Его отец любил пословицы и поговорки. Дэвид мог бы сказать ему, что есть и такая: «Если любишь своего сына, отправь его путешествовать»; и он бы добавил, что еще не утвердил свои планы, однако уже воспринимал каждый день как познавательный опыт, делавший его лучше. Эти слова сработали бы: они уж точно не могли быть хуже той глубокой пропасти, которой он отделил себя от родителей.
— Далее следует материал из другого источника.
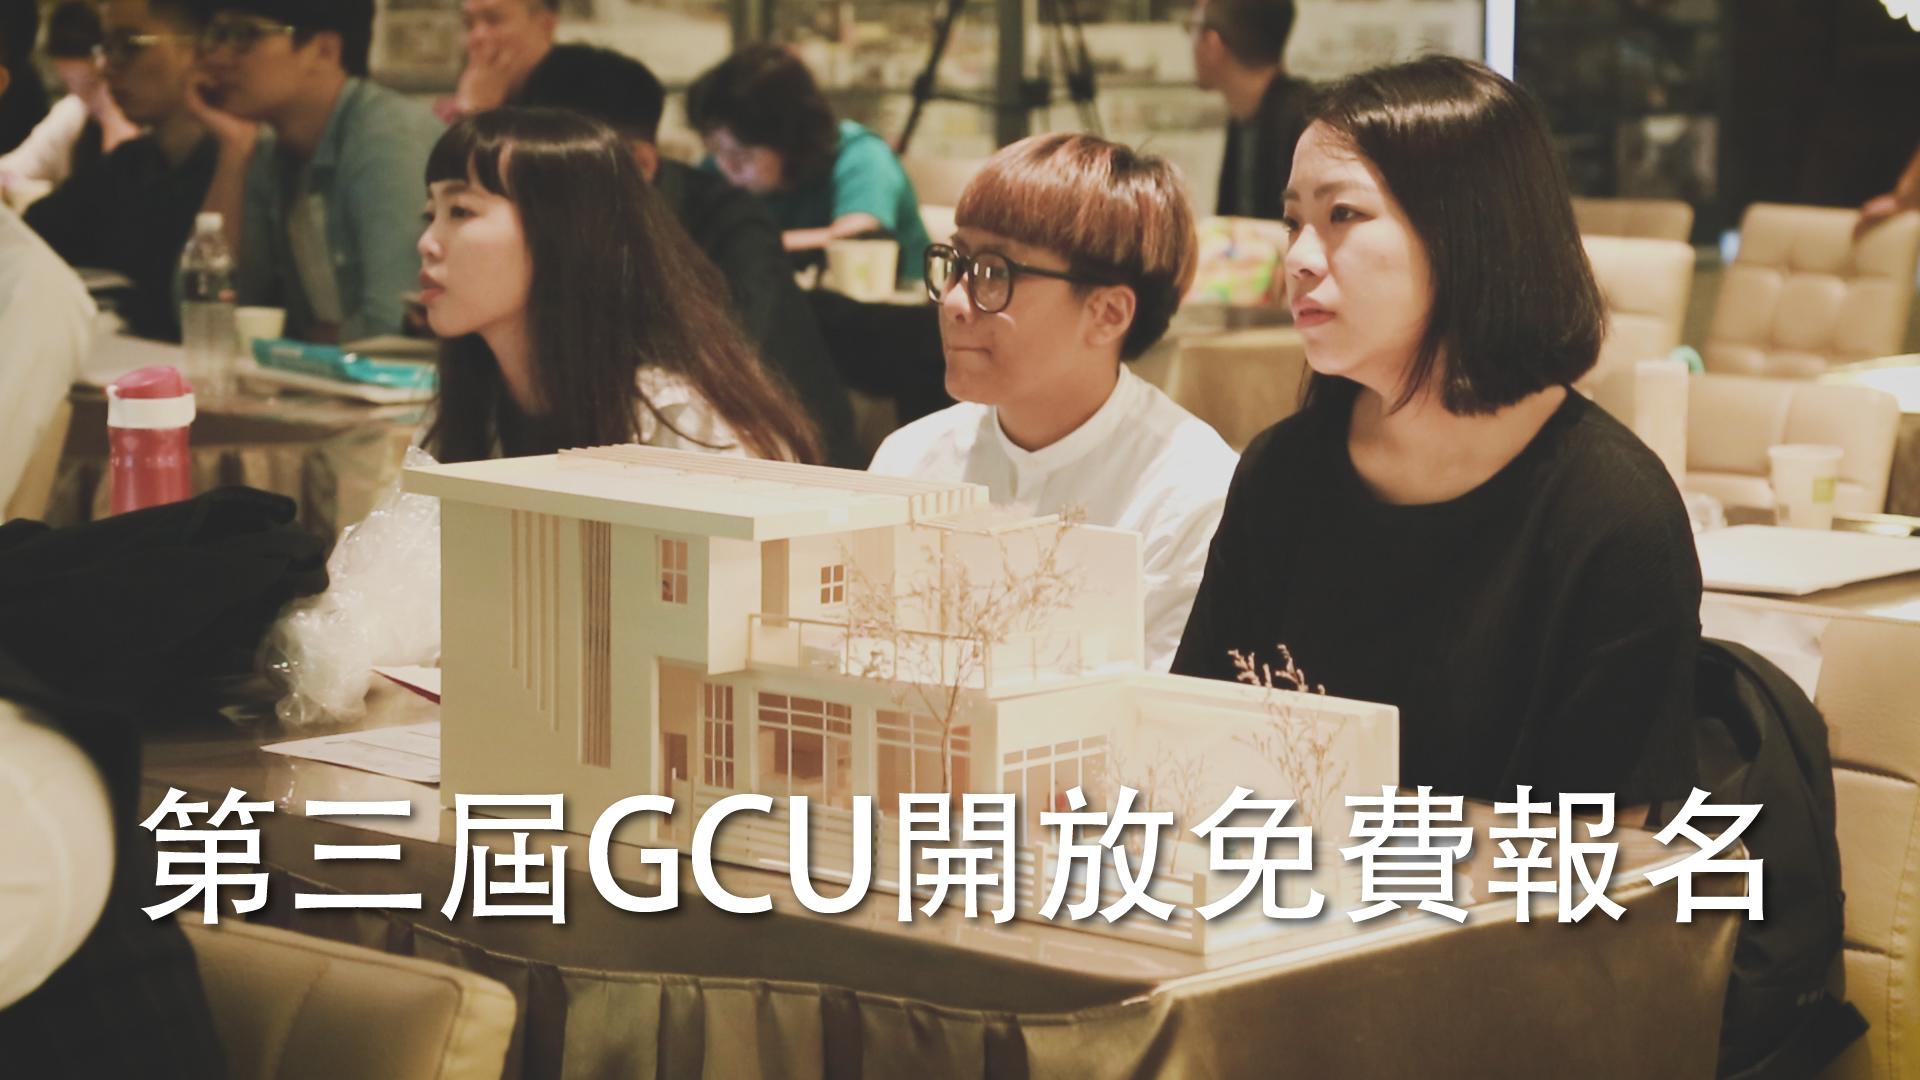 第三屆GCU開放免費報名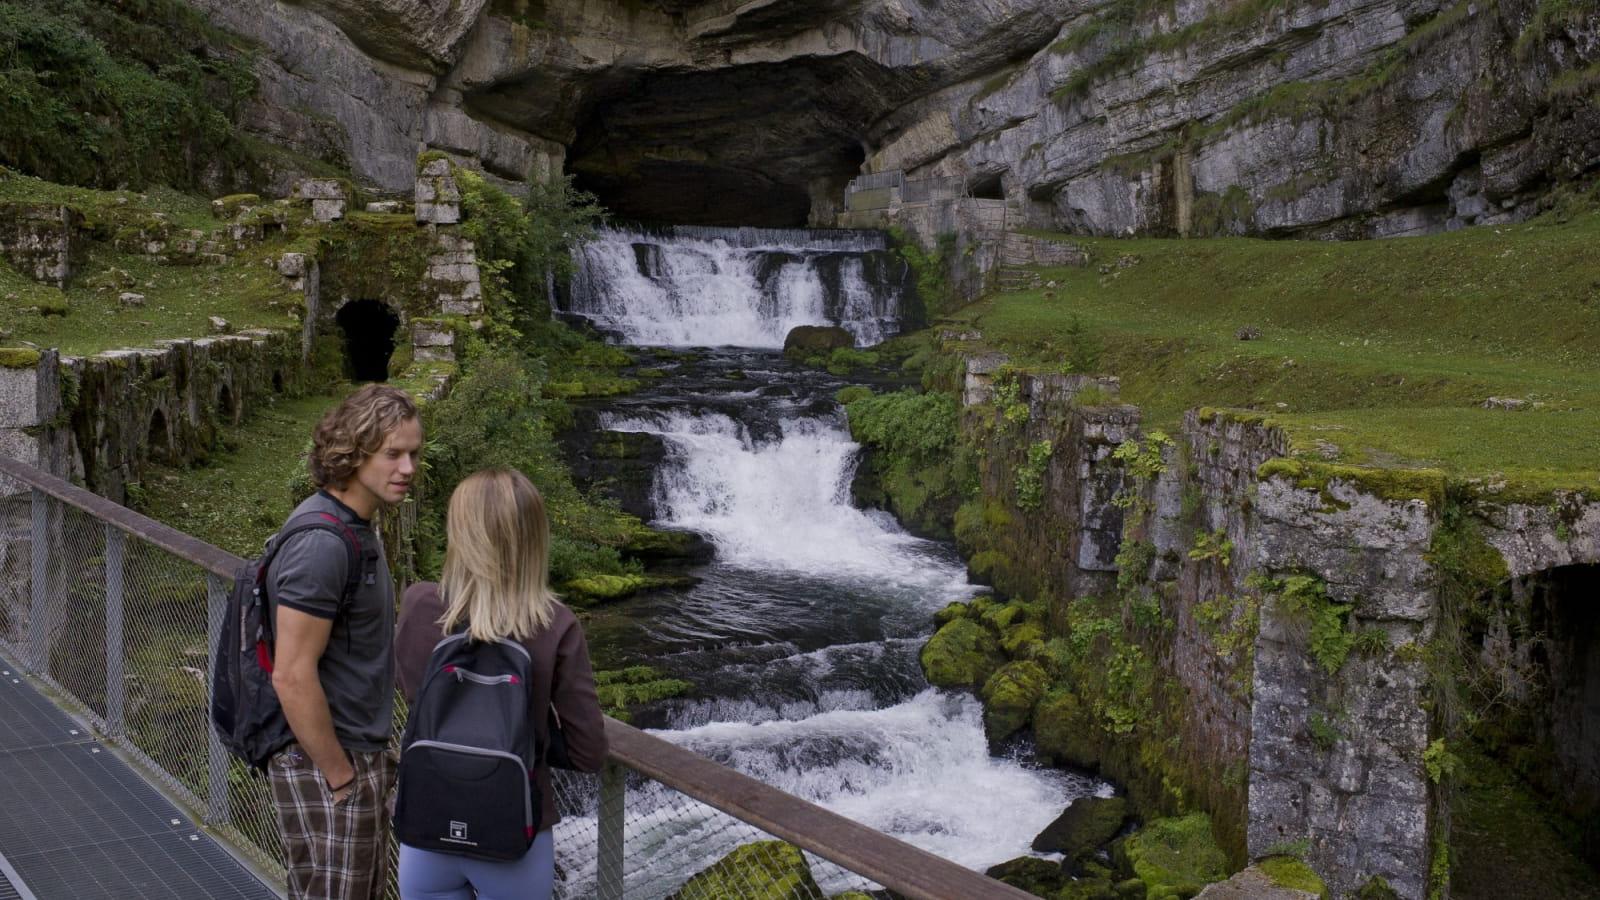 Visite et tourisme à la source de la Loue

Томас понял, что надо было звонить матери, а не Ширли. Просто он так хотел поговорить с Биллом и не мог упустить шанса, надеясь, что мальчик окажется там. Надо было звонить матери. Ей он сказал бы, что трагедия его миновала, и она могла бы рассказать об этом Биллу. А еще, что он провел время с людьми, которых никогда прежде не встречал, и они теперь знают, какая она замечательная и как он благодарен ей за оплату его образования ценой внеурочной ночной работы. Мама была бы рада это слышать.

Одна лишь Эльза считала, что ее звонки прошли гладко. Те, кому она звонила, знали: она где-то в Греции, но не знали, где именно, и она не оставила им ни малейшей возможности связаться с ней. Она сказала им именно то, что хотела, расплывчато и нежно в первом случае, резко и холодно – во втором. Она бы не изменила ни слова.

Андреас вздрогнул от звонка телефона. Это мог звонить из полицейского участка его брат Йоргис, вероятно, чтобы сообщить о погибших и пострадавших.

Но звонил вовсе не Йоргис, а какой-то мужчина, говоривший по-немецки. Он сказал, что его зовут Дитер и он ищет Эльзу.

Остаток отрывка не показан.